There are many of us who quite like the way Python takes into account the identation to separate blocks.
I think it's an elegant way to use identation, which everyone should do in any program, to get rid of annoying curly braces.
Anyway, there is no need to criticize Python to justify not using it. Almost anyone can decide whether to go into Python programming or decide to go into something else.
There are many of us who quite like the way Python takes into account the identation to separate blocks.
I think it's an elegant way to use identation, which everyone should do in any program, to get rid of annoying curly braces.
I use indentation to give the source some structure, but just a few spaces per block/step. Too many spaces would make the source harder to manage, at least for me. And I try to avoid tabs. If you write some complex code and use large indentations you would need an extra wide monitor or two to be able to see what you're doing - very unergonomic. However, I like curly braces and I will keep using them. This is the result of my personal experience of learning many (not just a few) programming languages over the years.

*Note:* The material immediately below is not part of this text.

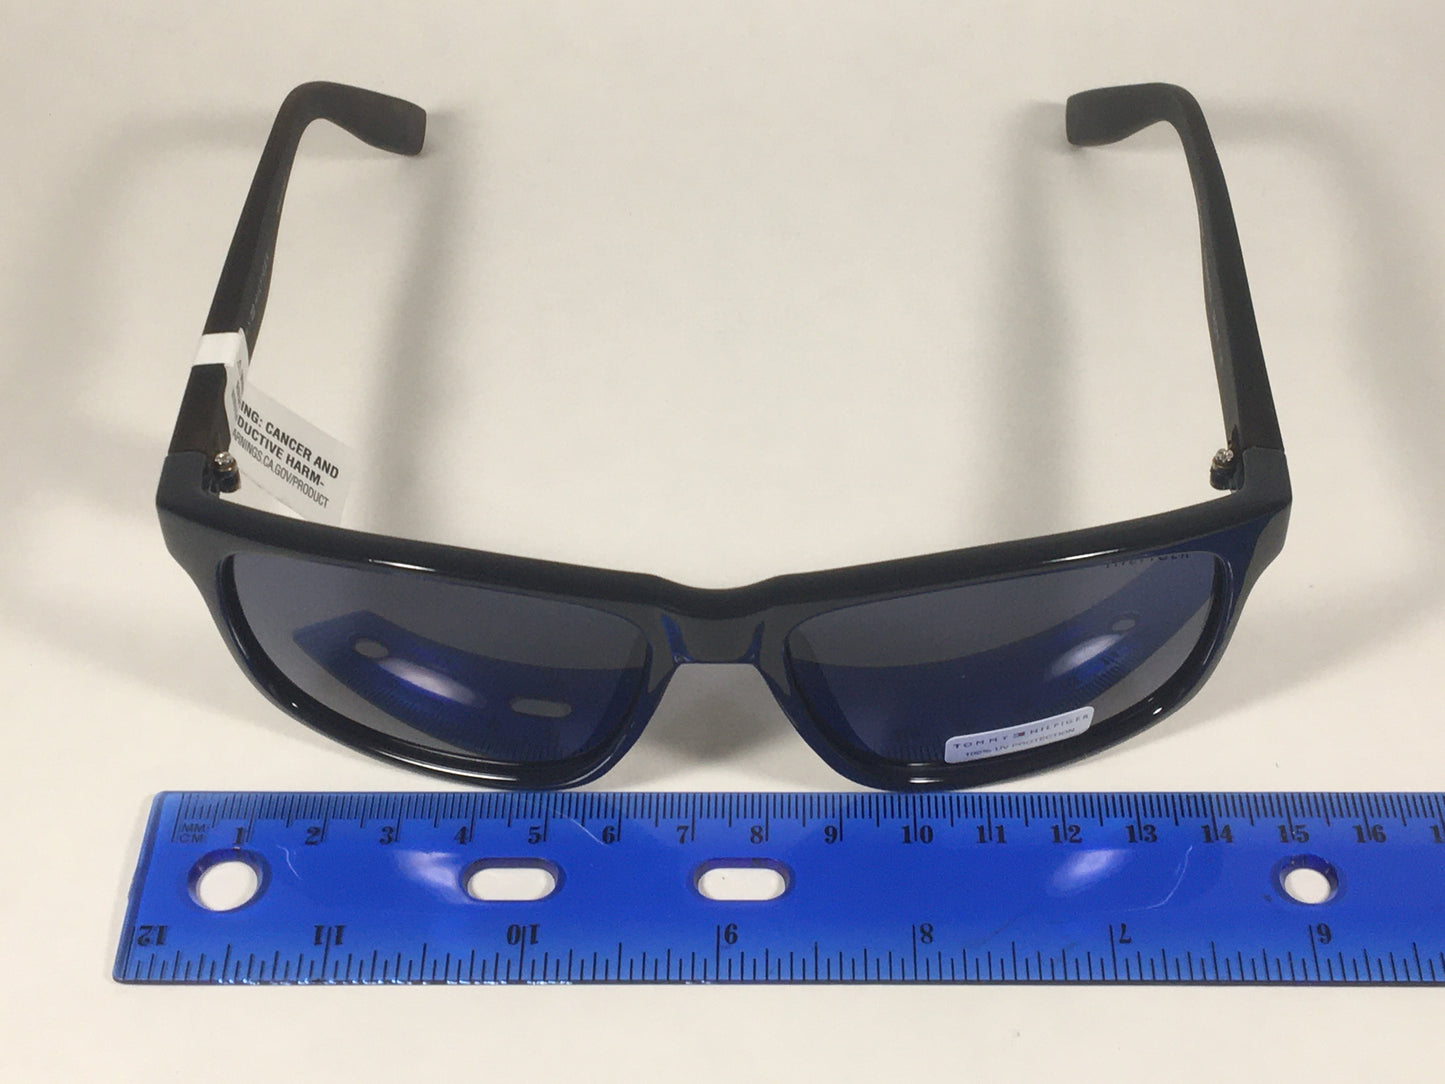 Tommy Hilfiger Luis Rectangular Sunglasses Black And Dark Tortoise Frame Gray Lens LUIS MP OM347 - Sunglasses

There are many of us who quite like the way Python takes into account the identation to separate blocks.
I think it's an elegant way to use identation, which everyone should do in any program, to get rid of annoying curly braces.
I use indentation to give the source some structure, but just a few spaces per block/step. Too many spaces would make the source harder to manage, at least for me. And I try to avoid tabs. If you write some complex code and use large indentations you would need an extra wide monitor or two to be able to see what you're doing - very unergonomic. However, I like curly braces and I will keep using them. This is the result of my personal experience of learning many (not just a few) programming languages over the years.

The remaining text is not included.